Ketergantungan masyarakat terhadap sektor kelautan ini memberikan identitas tersendiri sebagai masyarakat pesisir dengan pola hidup dan karakteristik tersendiri, Mereka menjadi pelaku utama dalam pembangunan kelautan dan perikanan, serta pembentuk suatu budaya dalam kehidupan masyarakat pesisir.

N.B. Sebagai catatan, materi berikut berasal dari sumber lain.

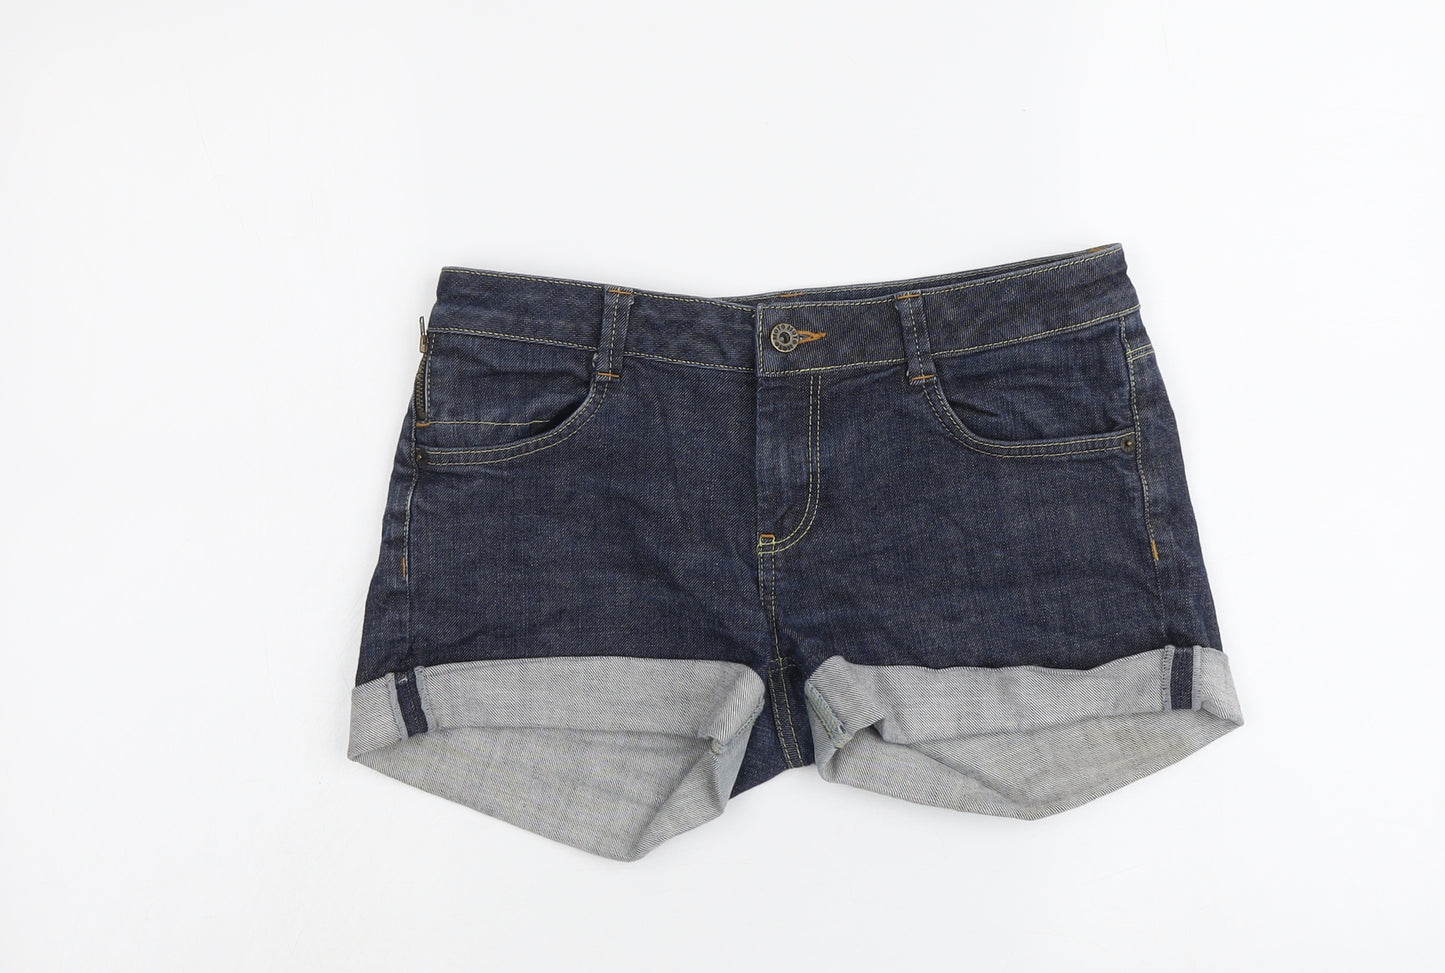 Topshop Womens Blue Cotton Hot Pants Shorts Size 10 L3 in Regular Button
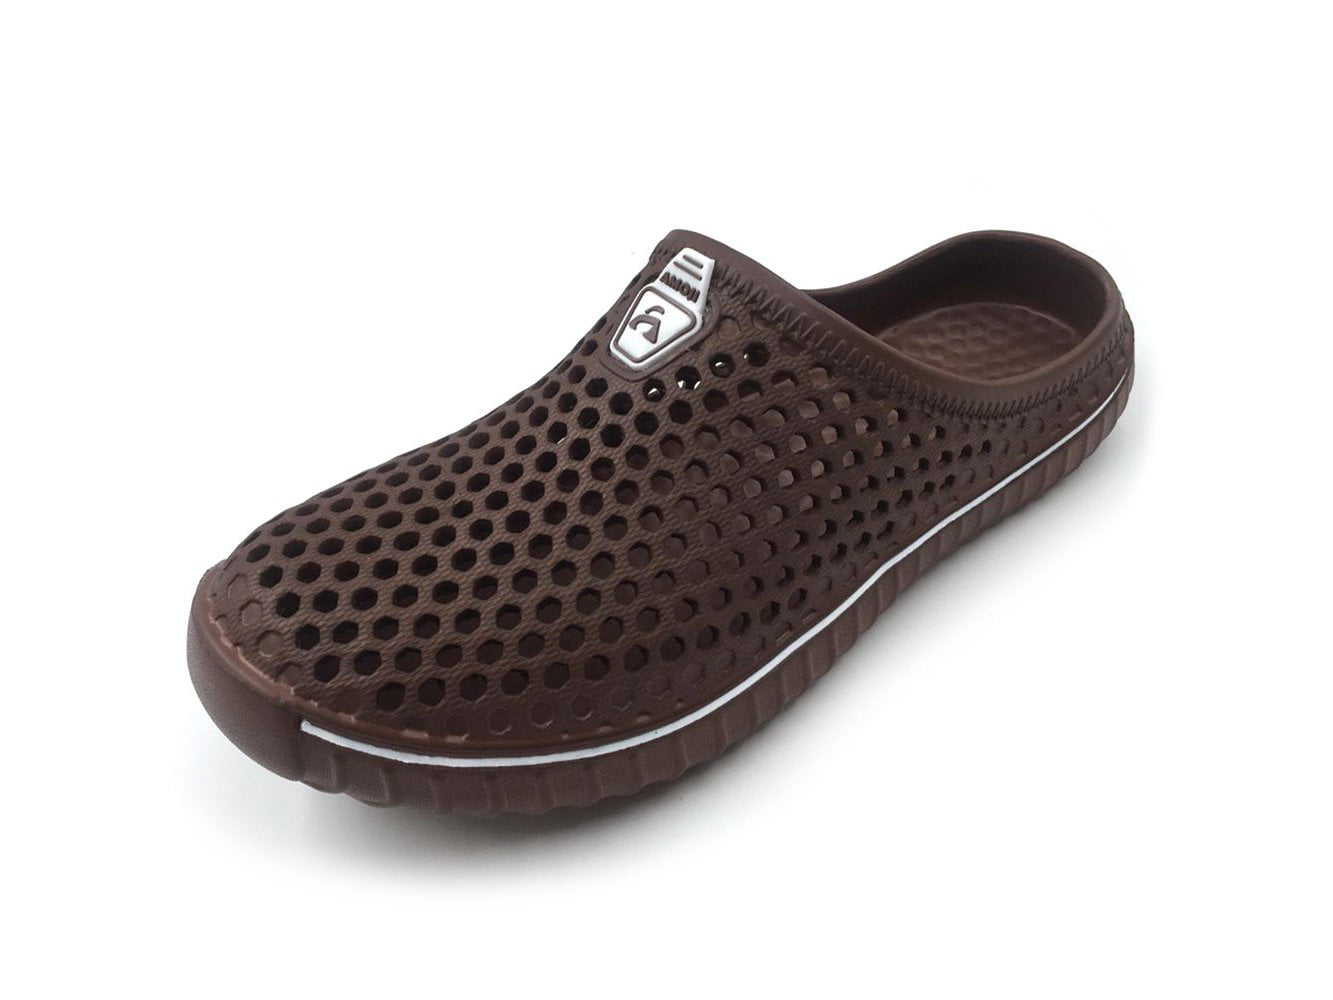 AMOJI Unisex Clogs Garden Shoes Slippers Sandals CL8818

Banyak diantaranya faktor-faktor yang menyebabkan masyarakat pesisir menjadi suatu komunitas yang terbelakang atau bahkan terisolasi sehingga masih jauh untuk menjadikan semua masyarakat setempat sejahtera.Ali salah satu nelayan mengatakan sudah puluhan tahun saya melaut harga ikan begitu terus tidak pernah naik kalau turun sering, rumpon yang terpasang di laut sana 90 persen adalah milik pengusaha ikan, karena kita ikut aturan ikan yang kita dapat di rumpon A otomotis yang ambil ikan nya si pengusaha A juga, beli nya pun suka suka dia, nelayan tidak bisa berkembang dengan baik karena keterbasan modal tidak bisa bikin rumpon sendiri ( Fish Apartement ), karena tidak punya rumpon dan dipastikan tidak akan bisa tingkatkan hasil pendapatan,"tuturnya
![]() |
| Hasil tangkapan Abk mas mulia |
Masalah kemiskinan nelayan yang bersifat multidimensi dan untuk menyelesaikannya diperlukan solusi yang menyeluruh, karena itu harus diketahui akar masalah yang menjadi penyebab terjadinya kemiskinan pada nelayan. Terdapat beberapa aspek yang menyebabkan terpeliharanya kemiskinan nelayan atau masyarakat pinggiran pantai, diantaranya; Kebijakan pemerintah yang tidak memihak pada masyarakat miskin, dijadikan masyarakat sebagai objek, bukan subjek. Karakteristik lain yang sangat mencolok di kalangan masyarakat pesisir kampung Marica Desa Tangnga-Tangnga khususnya nelayan adalah ketergantungan mereka pada musim. Ketergantungan pada musim ini akan semakin besar pada nelayan kecil.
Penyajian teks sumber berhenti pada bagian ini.